How design/build for flood & hurricane?
If you were going to build in an area such as New Orleans, which is susceptible to hurricane and flood, what designs and methods would you choose, keeping in mind the costs of various approaches?
No, I’m not planning to live there. I’m curious and I suspect many of you have some good ideas already.
Beej
Replies
As is done in all the close-to-the beach areas of the Gulf coast, and way up the Atlantic seaboard, build the houses up on piers or pilings, so that the first habitable floor is way up off the ground, then construct with materials, fasteners, and methods so that exteriors can withstand the positive and negative pressures that come from wind, and their penetrations (windows, doors, etc.) are designed and installed to not only handle the pressures, but can be leakproof as well in those extreme circumstances.
One of Cloud's domes should hold up pretty well under those conditions, esp. the wind part.
edit- I fergot the "l" in "cloud". Hit "post" just as I realized it.
Edited 9/13/2005 6:40 pm ET by Shep
Somewhere I read a story of a builder that jacks up houses in flood-prone areas and pours a concrete full first floor directly under the jacked up house. By using the first floor as a finished garage and for some kinds of storage, the main floor is high and dry. It sounded great at first, but right now after working up and down stairs all day it wouldn't be for me. :-)
Then your question made me think of ICF houses, but they are so heavy the foundation would need special attention to hold up well in totally saturated soil. The wiring and sheetrock would still take a beating in a flood.
Then there was an article on a house that was built in a potential avalanche area. The house/cabin wasn't inhabited during the winter, but they wanted it to survive if hit. The house was two stories and the bottom floor was essentially steel posts on the corner of the house with a thin breakaway garage. If an avalanche were to hit the walls of the garage would give way and let the snow pass underneath. Maybe a house on stilts could have a "disposable" first floor that would give way in a flood if there was moving water.
Finally, after thinking around in a semi-circle, it hit me that the steel mushroom house on the back of a recent FH would work just fine if it were a freebie (and an elevator was part of the package). :-)

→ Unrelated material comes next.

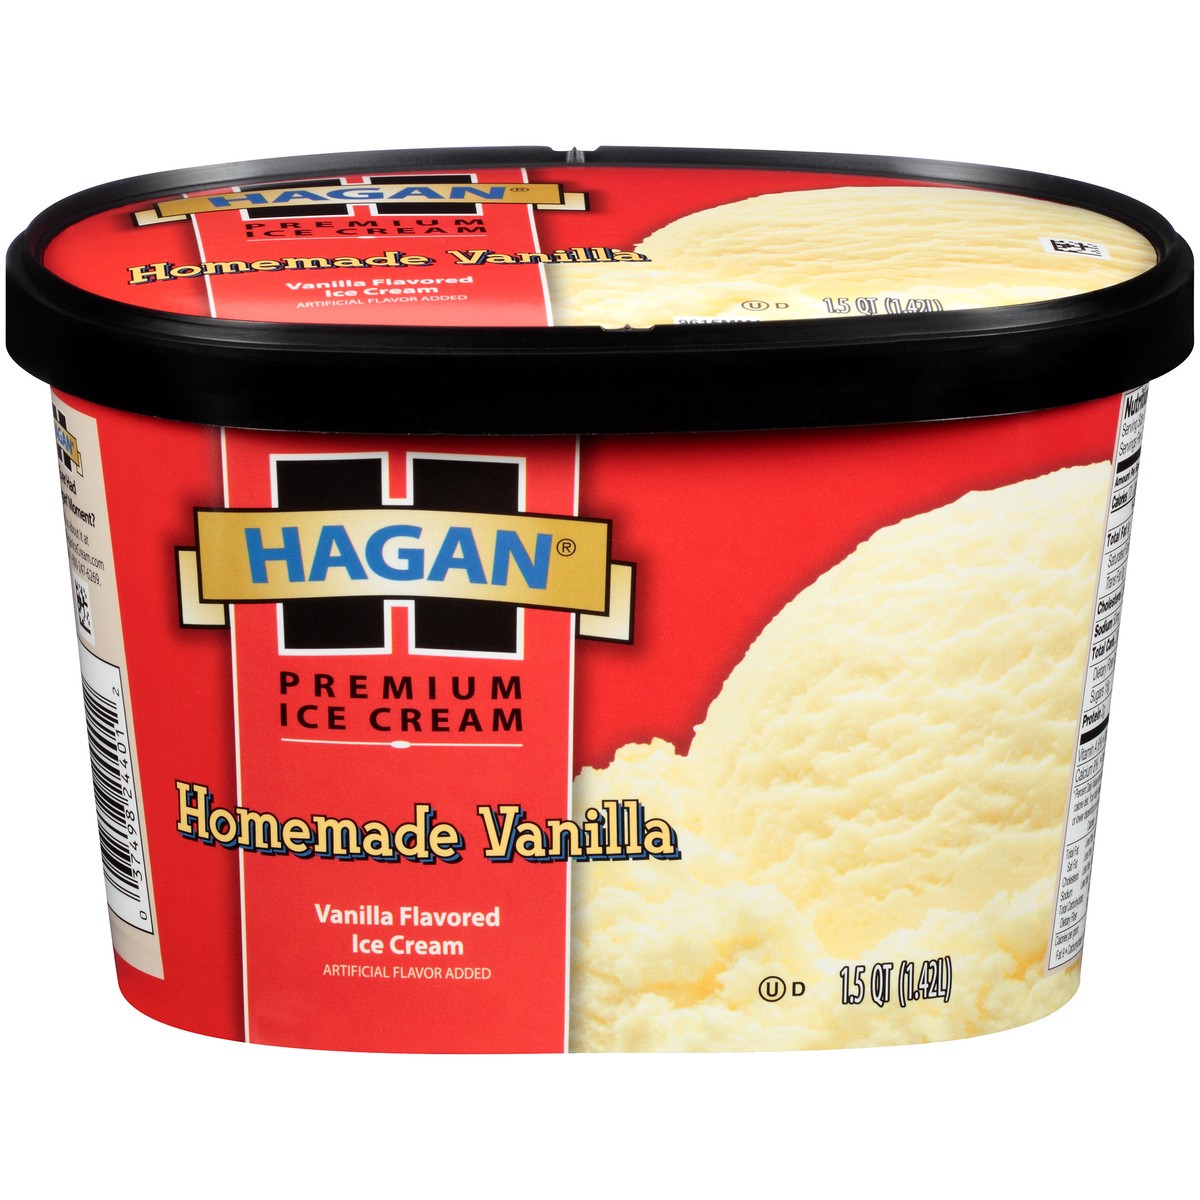 slide 1 of 10, Hagan Homemade Vanilla Premium Ice Cream 1.5 qt. Tub, 1.42 liter

For NO I'd at least build it 3-4 ft up... if cost was a factor... alot of bracing... sheer walls... min roof overhangs.... maybe a central filled concrete block core room... I know what i wouldn'd do I wouldn't put the back-up generator in the fick'n Basement.... that has to be the dumbest thing i ever heard... "our back-up generator in the basement was flooded"...
p
first you do not build in the city. go outside the city to high ground. fifty miles north would be good. 100 better. Then concrete, everything concrete. low pitch roofs, hip roof are good. gables concrete too. metal roofs. alot of anchor bolts, tie downs, all ulities underground. No trees by the house. patio covers, the first to go.Remember the storm surge wave that hit gulfport was 30 feet tall.
Edited 9/13/2005 8:29 pm ET by brownbagg
I vacationed a while ago in Maryland, on the shore, and the houses were built like Stinger describes. In this area they drove pilings thirty or more feet down. The problem is the force of a strong storm. Debris driven by the waves and wind can easily break out supports or undermine pilings, foundations or whatever you build on. Your house may stand the stress but the neighbors may come crashing into yours. Something like a tsunami could be high enough to break down and carry off just about anything. Just like the mud slides in California, when the ground gets displaced, everything on it or in it goes. If the big quake ever hits the west coast, Katrina will look like a spring shower.
Beat it to fit / Paint it to match
My brother's house is across Lake Ponchartrain from New Orleans, one lot from the lake. It is built up on concrete & steel piers and there is a concrete slab under the house where he parks his car. He had 3 feet of water under his house. The North wind blew the lake's storm surge away from the land which was why he had only three feet. Everything at the slab level was wiped out but it was only a storage shed and pump house. The codes don't allow much structure on the ground floor for this very reason.
The house is fine. The large pine trees fell like pickups sticks but they all missed his roof except for some branches which caused minor roof and siding damage. He was very lucky and very glad that he was required to build on stilts.
The knee surgery will come later but for now all the stair walking is good for their health.
Billy
Been there! done That! Have the T shirt!!! Wont ever happen to me again.
mk
History has shown that the houses that fare the best in a hurricane are those on driven pilings where the pilings extend to the roof line. Lots of hurricane clips, hip roof structure and a well secured metal roof. Of course none of that will protect you from your neighbor's house floating into yours.
20' storm surge means the finished space needs to be 20' off the ground.
Push a neighboring building into it and it is all gone.